§ **REQUIRED WORK**: Please write out exactly the lines of the data below from the line holding "raspberry filing spread inside the frosting" through the line holding "Elephant hot spring", and leave out the rest.

§ **SUPPLIED DATA**:
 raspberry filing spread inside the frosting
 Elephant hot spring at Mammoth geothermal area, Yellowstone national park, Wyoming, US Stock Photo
...
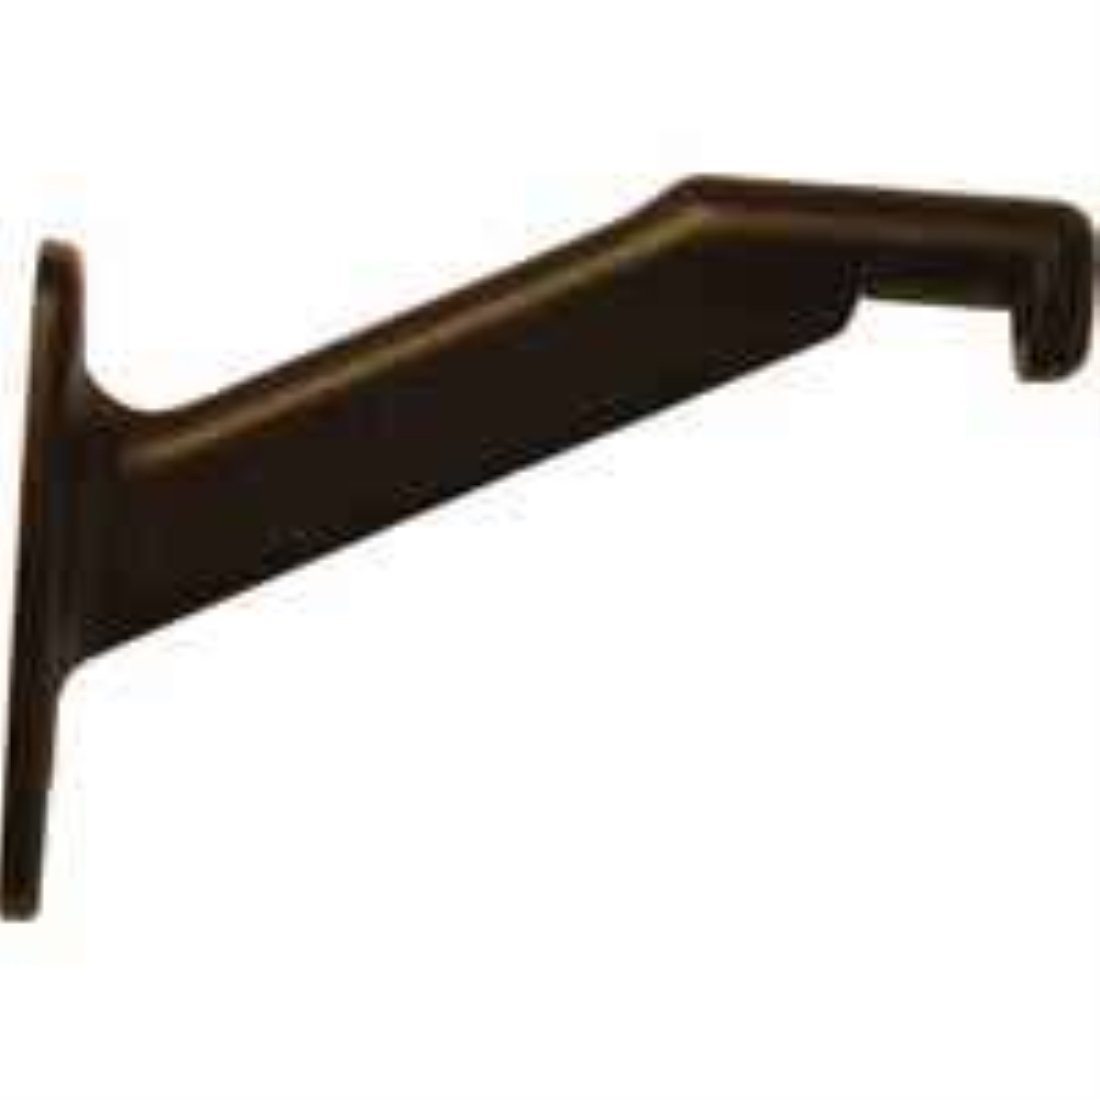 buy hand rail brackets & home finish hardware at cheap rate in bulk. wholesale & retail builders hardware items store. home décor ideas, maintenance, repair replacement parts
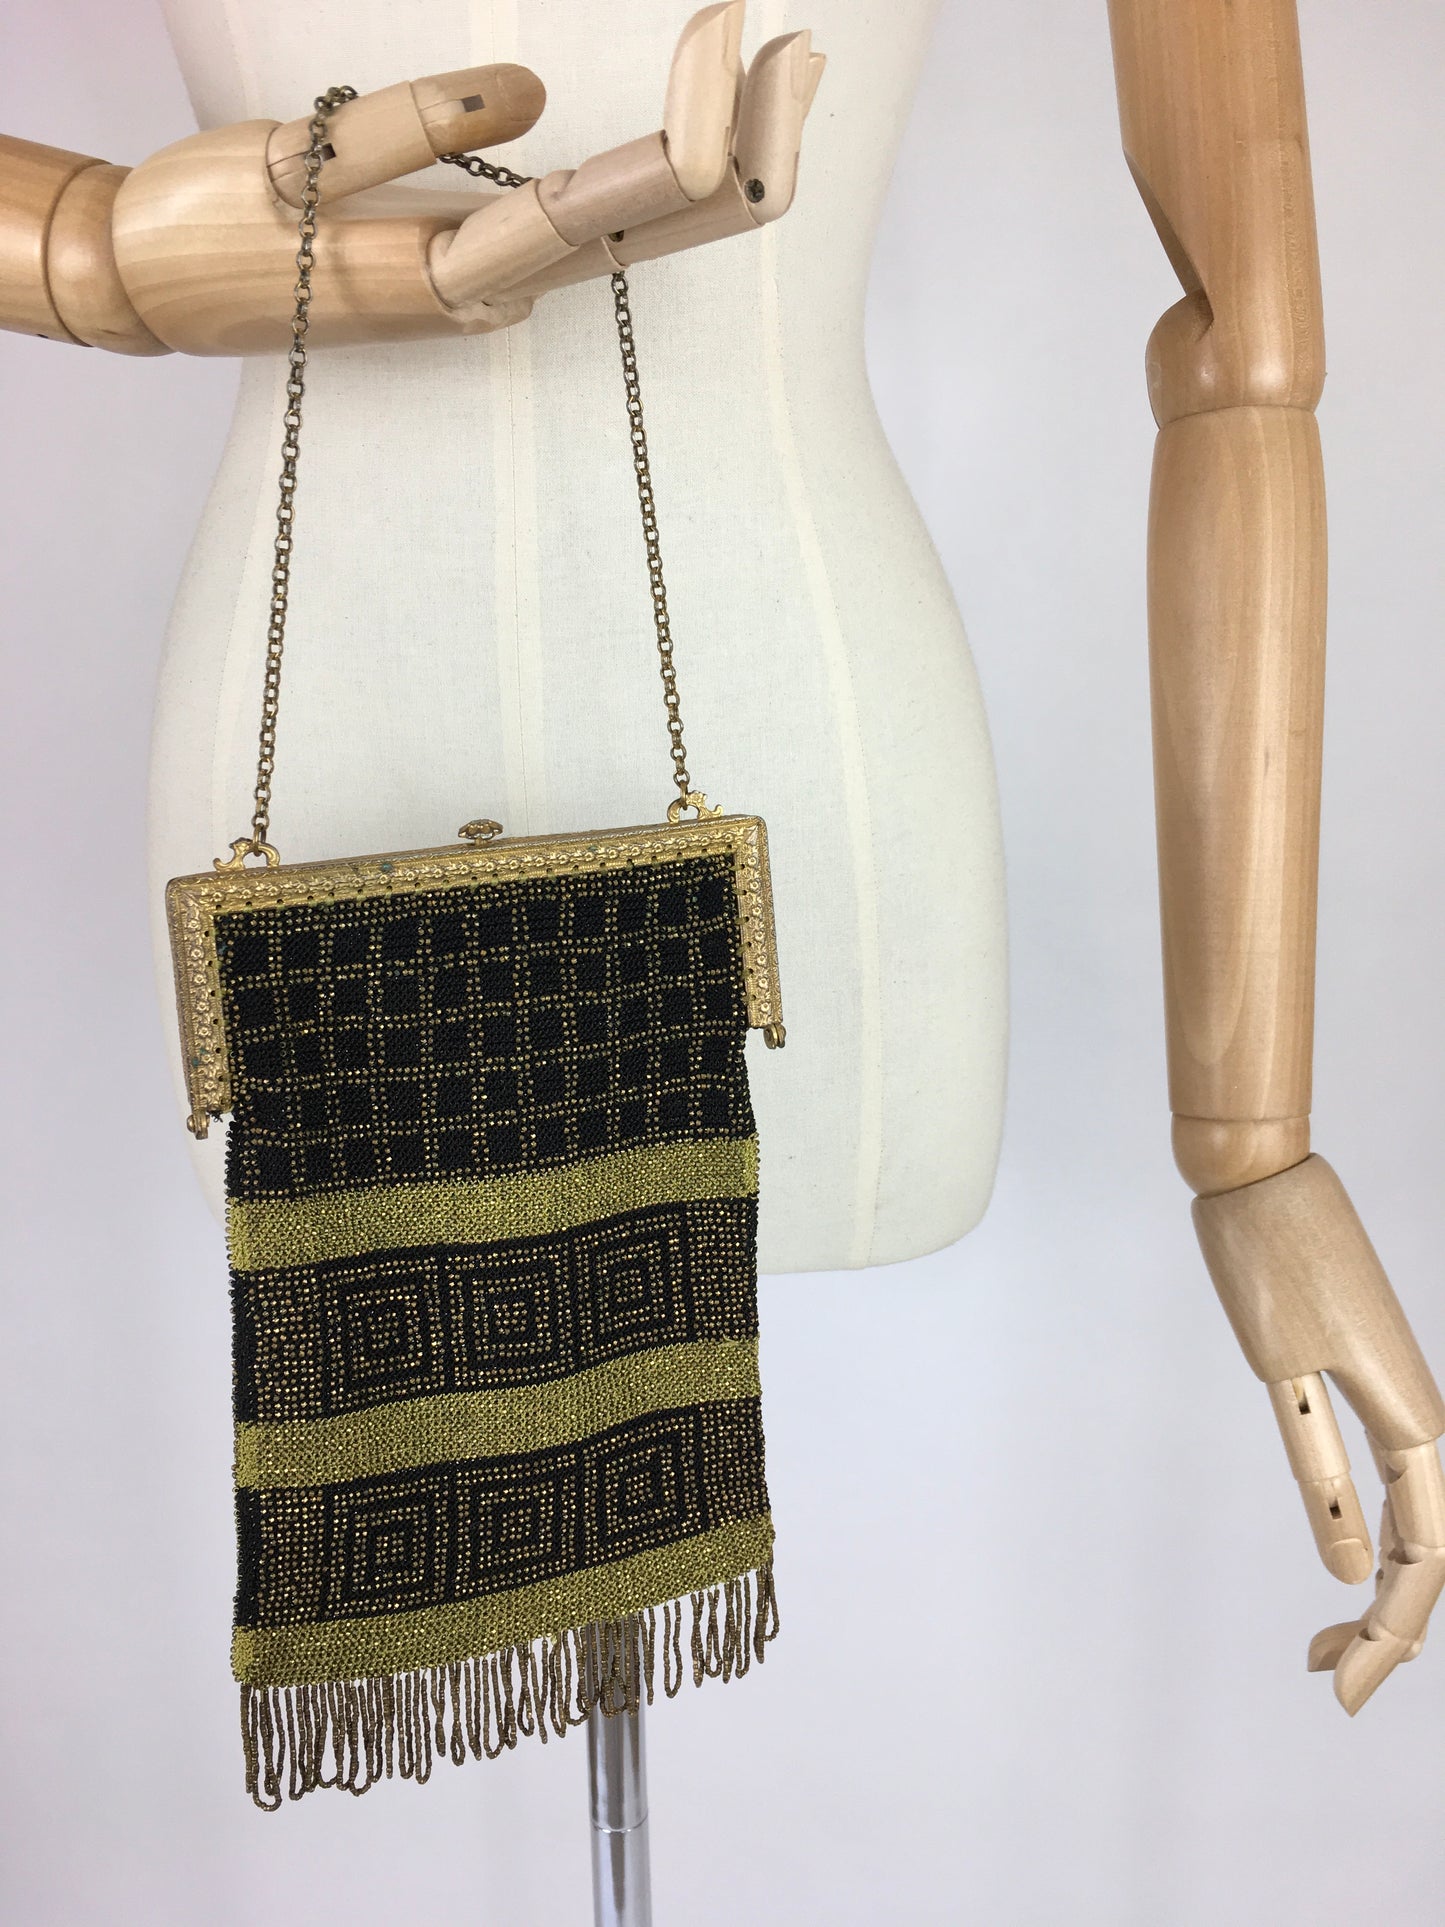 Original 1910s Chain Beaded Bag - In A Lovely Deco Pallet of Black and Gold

§ **ANSWER SECTION**:
 raspberry filing spread inside the frosting
 Elephant hot spring at Mammoth geothermal area, Yellowstone national park, Wyoming, US Stock Photo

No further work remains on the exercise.